2 minute read
Kevin Jae
QUANTUMRUN FORESIGHT PLATFORM
A Technology Review
By Kevin Jae
IN the past few months, I used the Quantumrun Foresight Platform for some of my projects and have found it a useful tool. This review describes how the platform works, my impressions on the platform, and how the futures studies community could benefit.
The first thing that I noticed about the platform was its user-friendliness and its well-designed, clean user interface. It is easy for new users to navigate and familiarize themselves with the platform.
After successfully purchasing a subscription and registering an account, users are prompted to choose a handful of topics that they are interested in. Trend and Insight articles around these topics are recommended to the user on the main page. (Note: Trends are curated articles from other websites, and Insight articles are written by Quantumrun Foresight’s in-house team and contain additional analysis.)
The recommendations are extremely useful because of the sheer number of Trends and Insight articles available on the platform—you can find materials on everything from the hospitality industry to climate mitigation technology to projections on the global population.
The large number of Trends and Insights makes the Platform an ideal tool to help organizations and foresight professionals expand their horizon scanning and trend research capabilities. However, the Quantumrun Foresight Platform is not just a horizon scanning tool; it comes with additional functionalities that could help with scenario planning, business strategy, and ideation. This is the “Projects” functionality.
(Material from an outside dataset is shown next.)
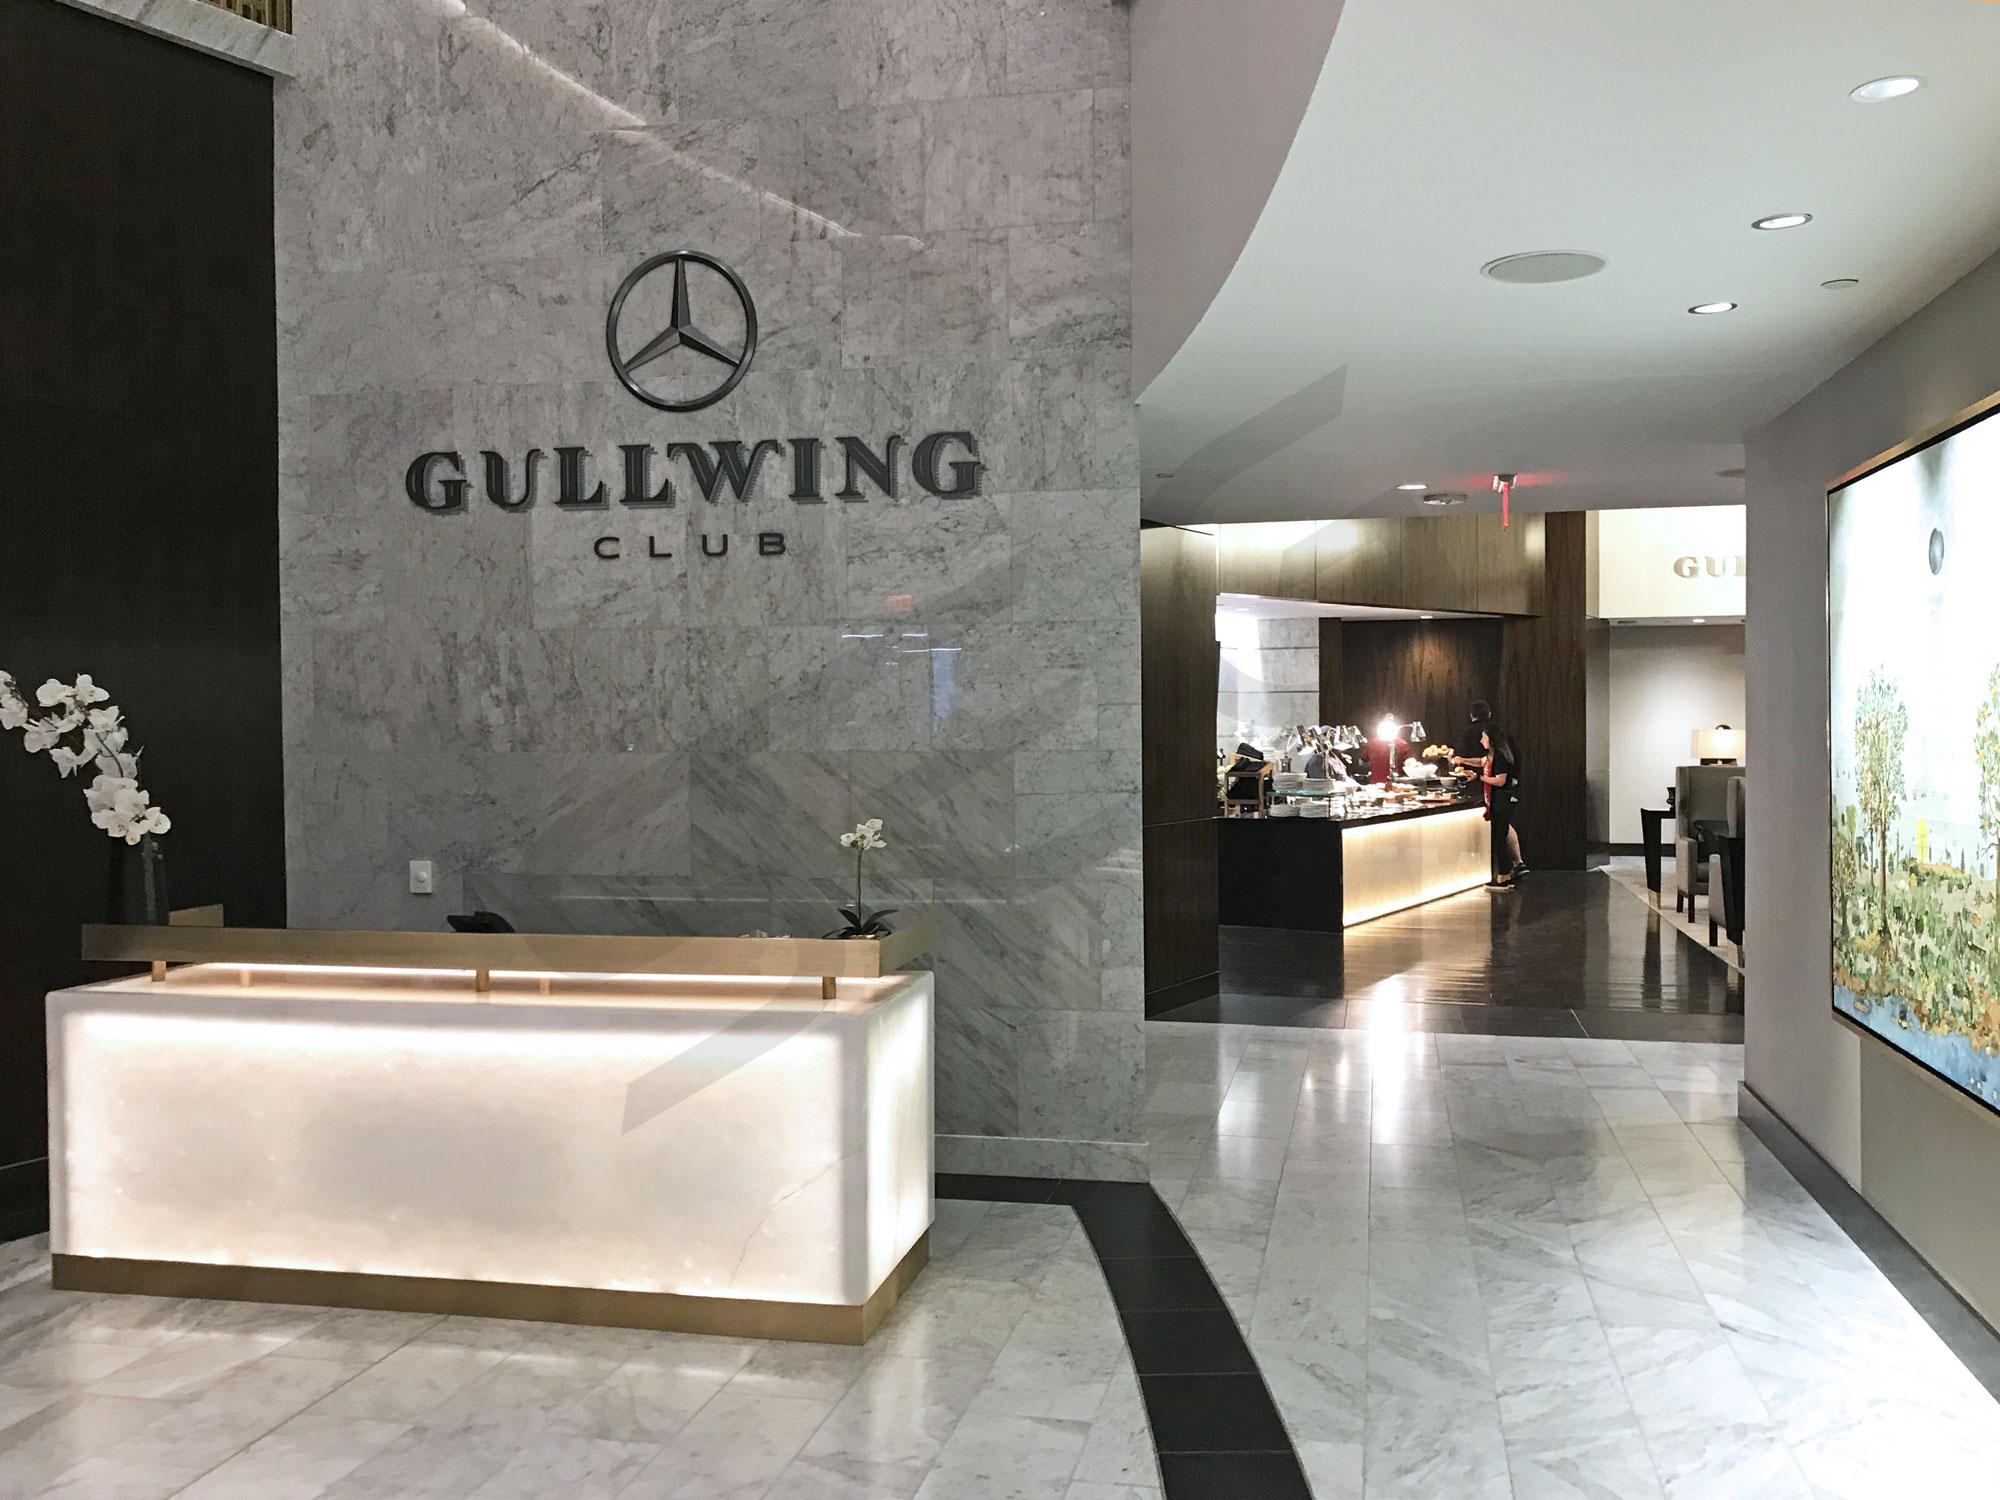 Gullwing Club Suite ticketholders have access to an incredible VIP stadium club just outside their suite

Users are able to bookmark Insights and Trends into customized Lists, which can then be turned into Projects that visualize the trend articles. There is currently one visualization functionality available on the platform right now, although two additional visualizations will soon be available, according to Quantumrun Foresight. The currently available visualization is the Strategy Planner project interface, which plots trends onto the graph by year of release or public availability, likelihood to become a reality, and the impact on the industry. This allows users to identify the trends that matter to them.
Quantumrun Foresight takes an interesting approach to determine a given trend’s year of availability, likelihood, and industry impact—it is the users who rank these elements of the trend alongside Quantumrun employees. The platform relies on the “wisdom of the crowd” to great effect and to overcome individual biases.
Just to summarize and conclude, based on my impressions of the platform, I think that the platform offers three major value-adds for users: 1. The platform is user-friendly; and it handles trend research, trend curation, and trend analysis; which will make it useful for organizations that do not have too much foresight capacity 2. This also frees up foresight professionals to focus less on basic research and more on activities like scenario planning 3. The project visualizations help automate and accelerate insight analysis, and I can see it being useful for spurring conversations during meetings and workshops.
MY GENERAL IMPRESSION:
The Quantumrun Foresight Platform offers a huge number of future trends and allows users to organize and visualize trend insights, all of which is useful for strategy development, scenario planning, and product ideation. I could definitely see it adding value and capacity for foresight professionals and organizations by automating away some of the more time-consuming aspects of foresight.